Full code executable on Colab

!pip install -q xpress

import contextlib
import numpy as np
import os
import pandas as pd
import xpress as xp

from google.colab import files
uploaded = files.upload()

df_employee = pd.read_csv('./employee_dummy.csv')
df_task = pd.read_csv('./task_dummy.csv')

sr_expected_hour = df_employee['Hours available to work']
sr_n_employee = df_task[
'Number of people required']
sr_task_hour_per_employee = df_task[
'Required hours'] /df_task['Required number of people']

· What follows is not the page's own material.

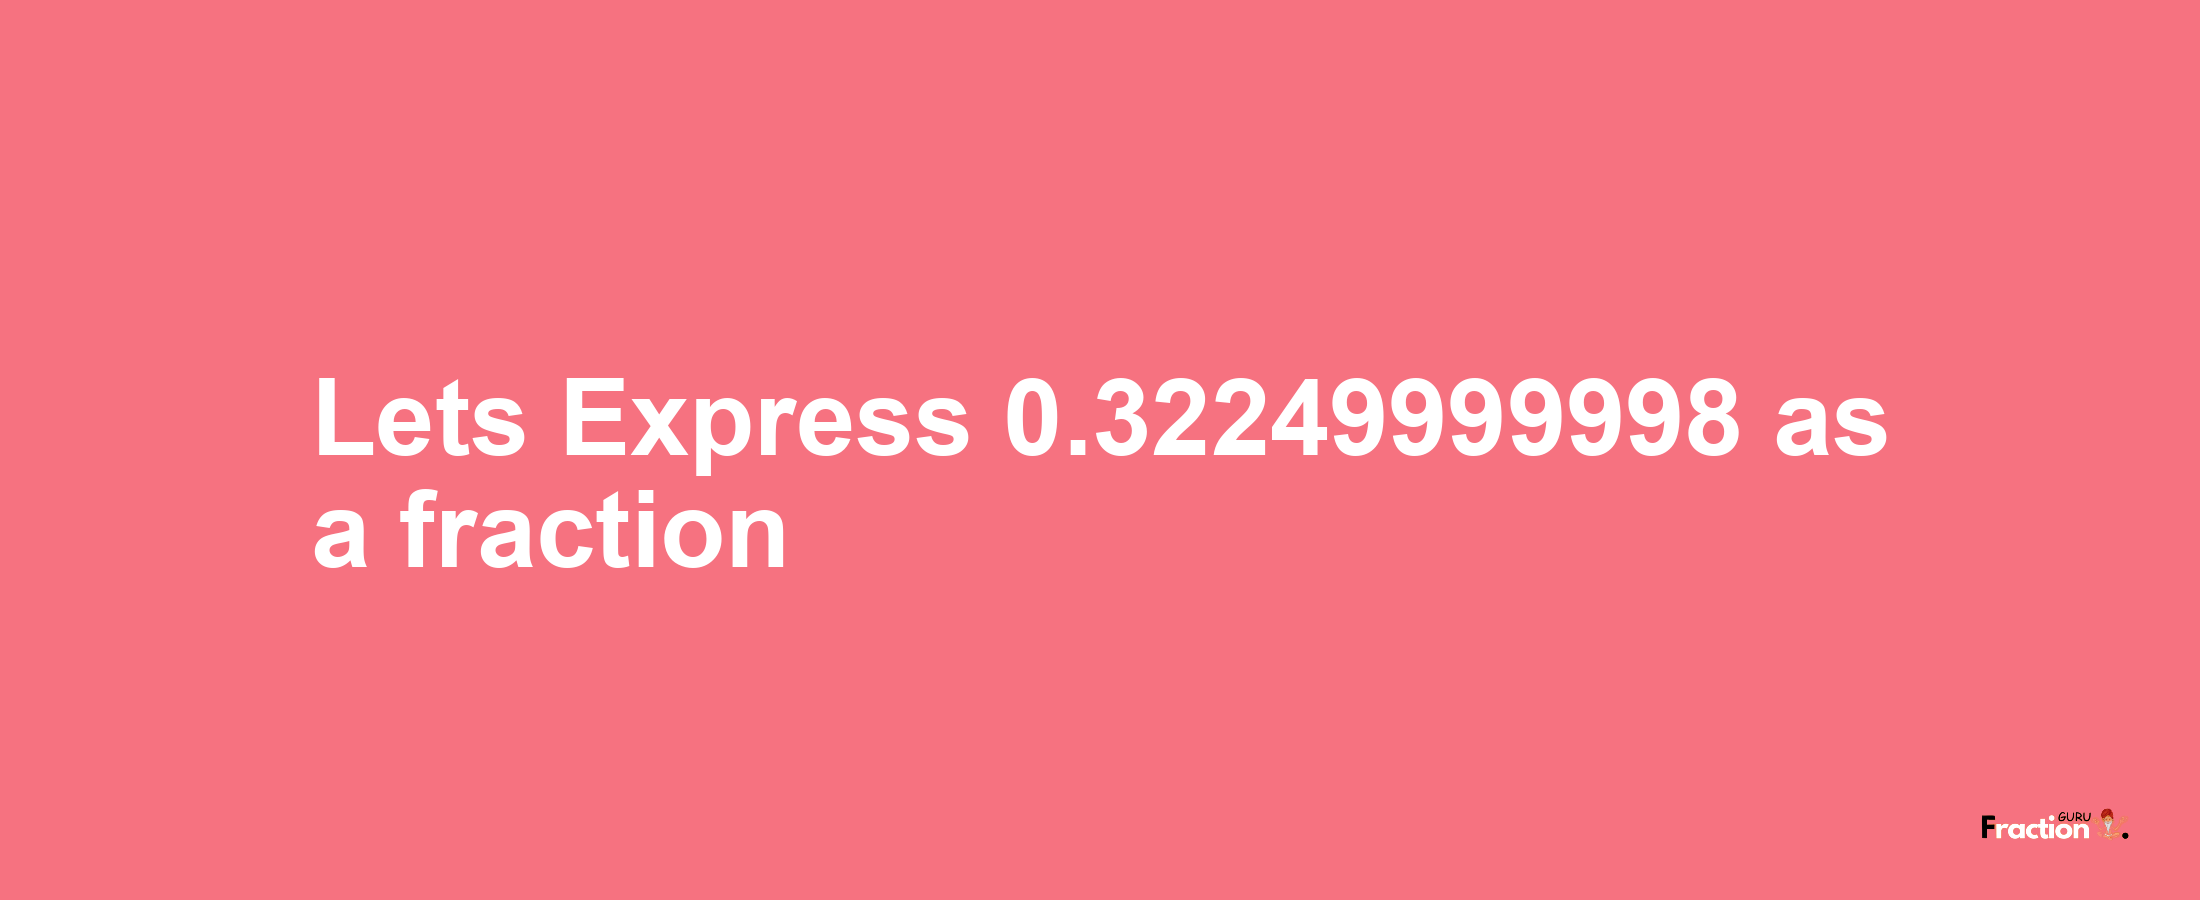 Lets Express 0.32249999998 as afraction

n_people = len (sr_expected_hour)
n_task = len (sr_task_hour_per_employee)

xs = np.array(
[xp.var(name= f'x {i}', vartype=xp.binary)
      for i in range (n_people*n_task)]).reshape(n_people, n_task)

vs = np.array(
[xp.var(name= f'v {i}')
       for i in range (n_people)]).reshape(-1, 1)

m = xp.problem()

m.addVariable(xs, vs)

m.setObjective(xp.Sum(vs), sense=xp.minimize)

diff = xs.dot(sr_task_hour_per_employee) - sr_expected_hour.values
diff_rev = sr_expected_hour.values - xs.dot(sr_task_hour_per_employee)

const = [
xp.Sum(diff[i]) <= vs[i].sum ()
      for i in range (n_people)]
const += [
xp.Sum(diff_rev[i]) <= vs[i].sum ()
      for i in range (n_people)]
const += [
xp.Sum(xs.T[i]) ==n for i,
n in enumerate (sr_n_employee)]
const += [xp.Sum(xs[i]) >= 1 for i in range (n_people)]

m.addConstraint(const)

with contextlib.redirect_stdout(open (os.devnull, 'w')):
%time m.solve()

df_out = pd.DataFrame(m.getSolution(xs)) * sr_task_hour_per_employee
df_out.index = df_employee[ 'Mr.'] +' '+ df_employee[ 'First name']
df_out.columns = df_task[ 'Task']

df_diff = pd.DataFrame(
df_employee[ 'Workable Hours'] - df_out. sum (axis= 1).values)

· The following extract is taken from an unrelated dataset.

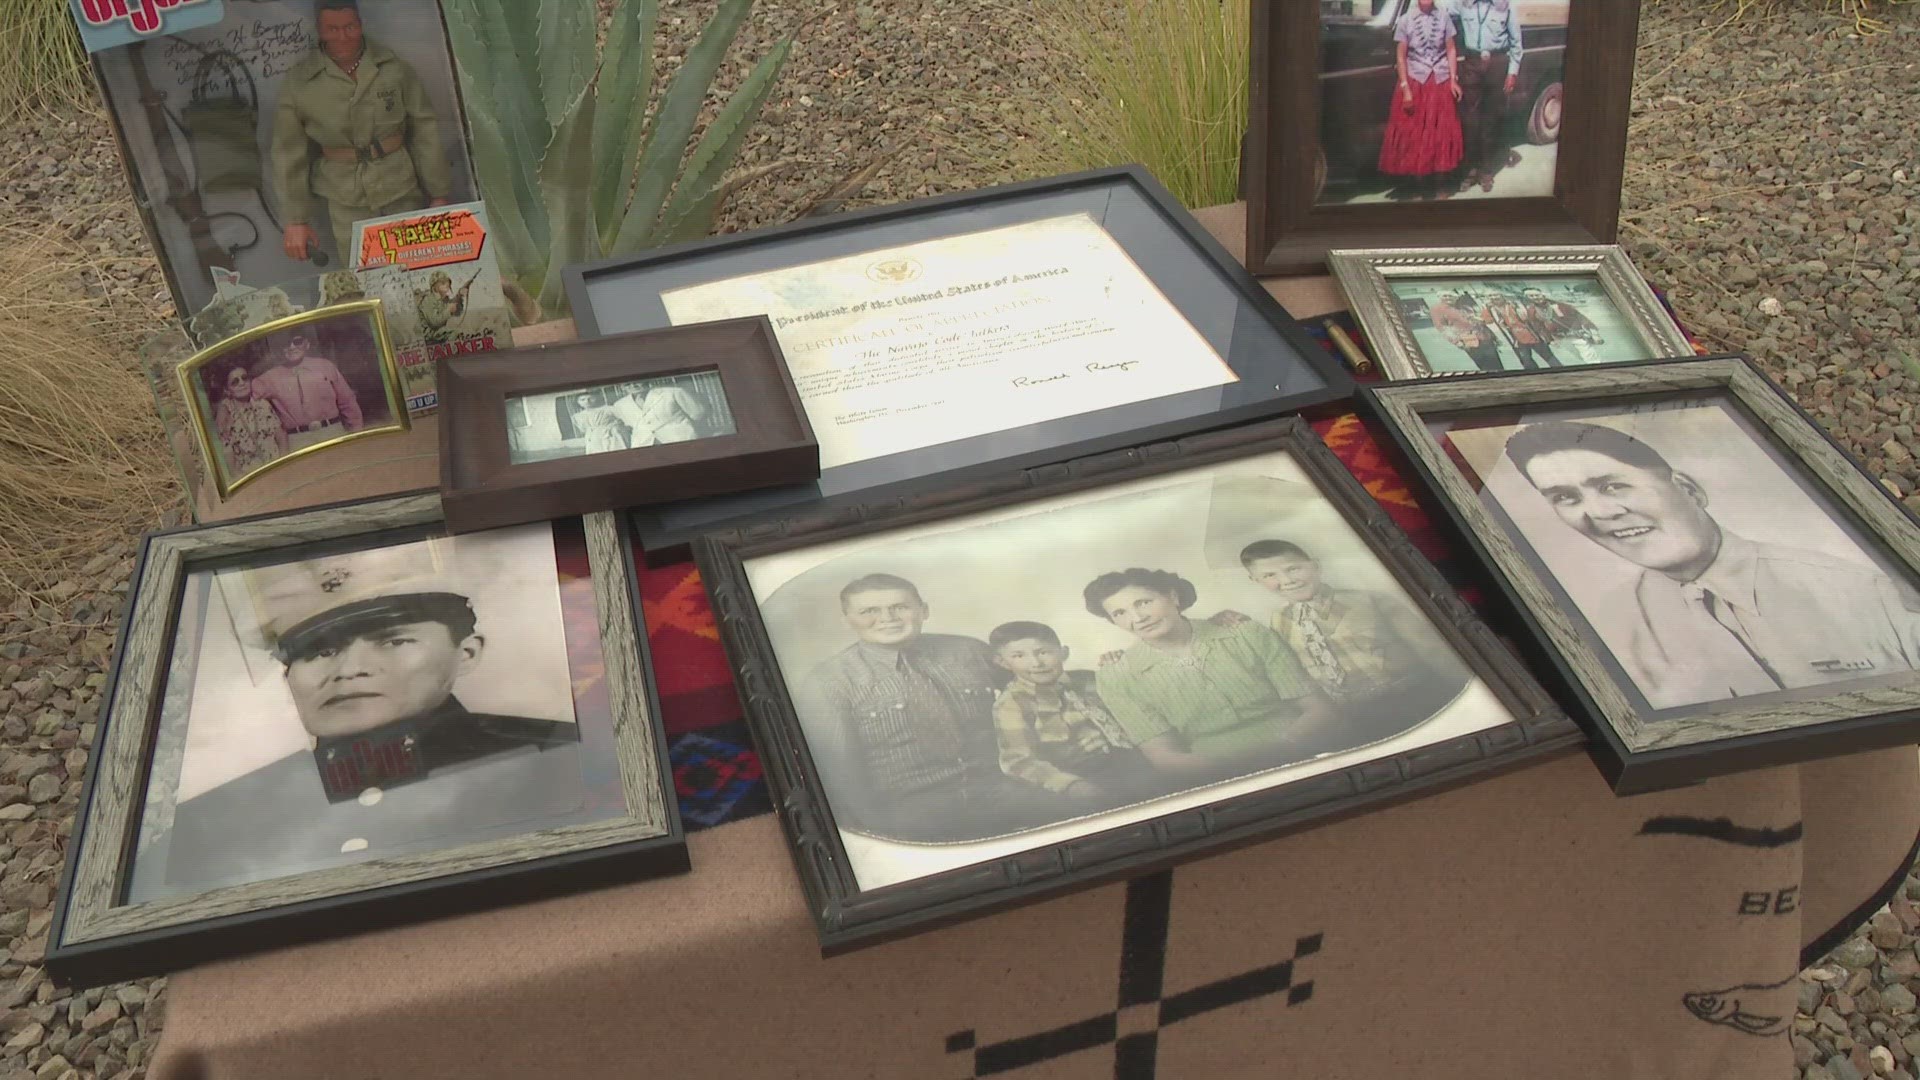 More than 400 Code Talkers served with the Marines. Today, only 3 remain alive.

df_diff.index = df_out.index
df_diff.columns = [ 'diff']

display(df_out)
display(df_diff)


At the end

So far, I have introduced an example of the mathematical optimization logic that I created to create a work flow that does not cause problems in staffing within the company.

By copying the above source code and preparing a little data, you can try optimizing the allocation of tasks at your fingertips, so please give it a try.

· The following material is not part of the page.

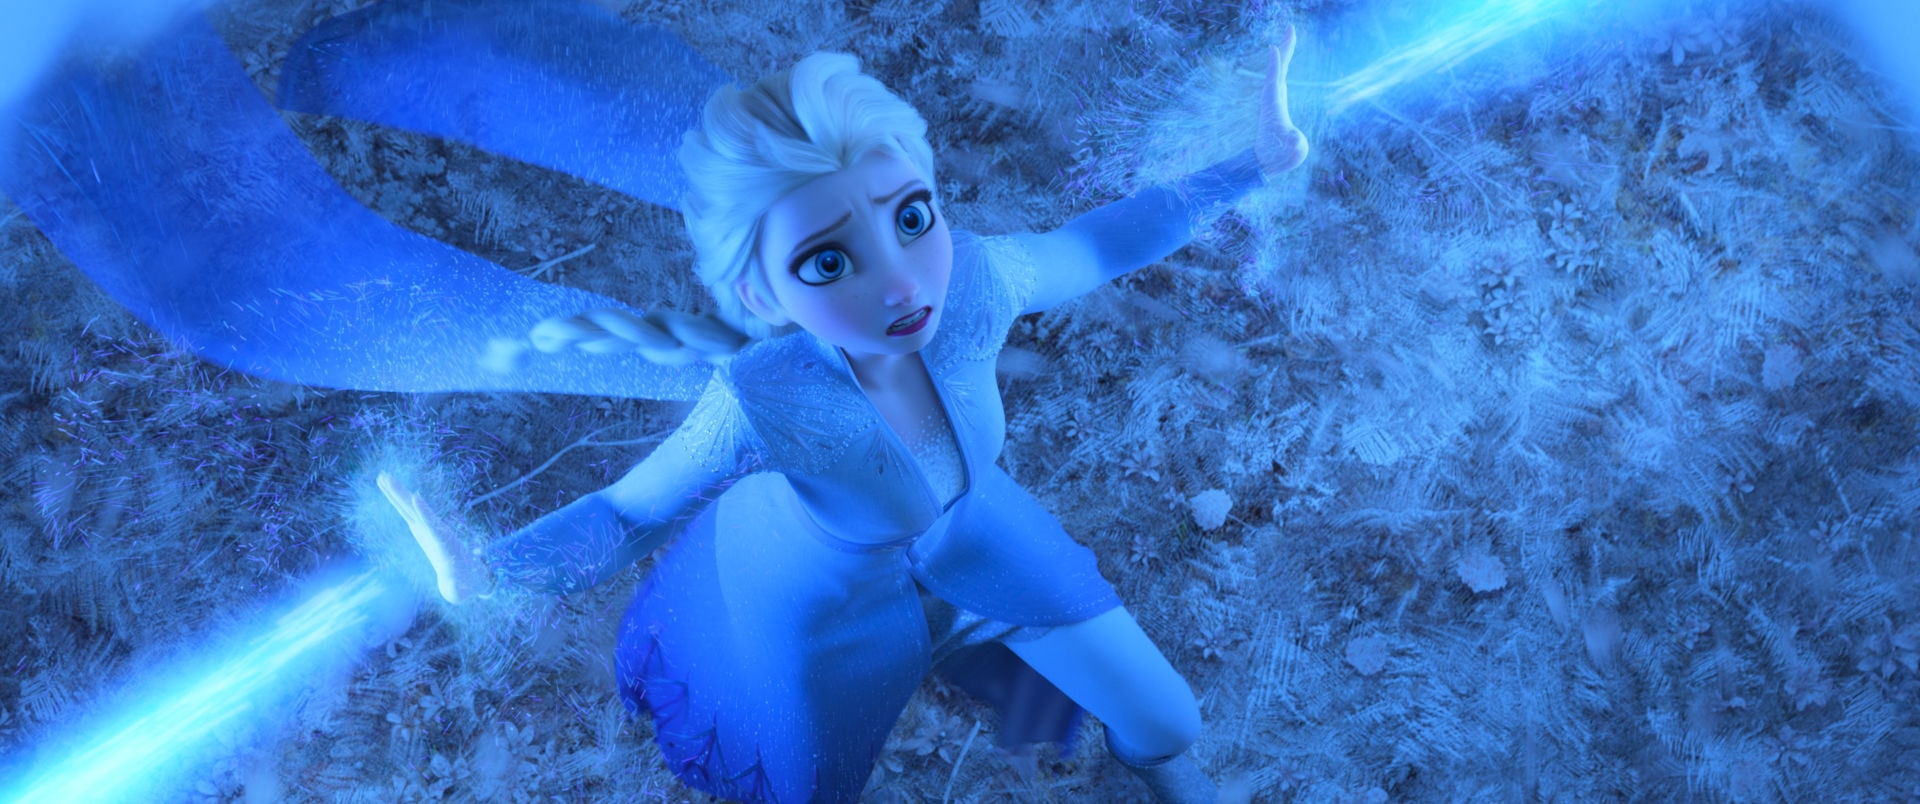 Houston family haunted by Elsa doll from Disney's Frozen | SYFY WIRE

In the sequel article, I plan to introduce the content of this time when prototyping as a web application using Docker and Streamlit, and my experiences when proceeding with in-house DX, so if you are interested, please read that as well. I would be happy to receive it.

Kazuki Igeta

*1 We received useful advice on Twitter that it is possible to formulate within the linear range, so we added a section and changed the surrounding content accordingly. In the non-linear approach before the modification, the above code was executed on Colab and the execution time after reading CSV was 462 msec, while the current linear approach was able to execute in 455 msec. Larger data will likely make a bigger difference.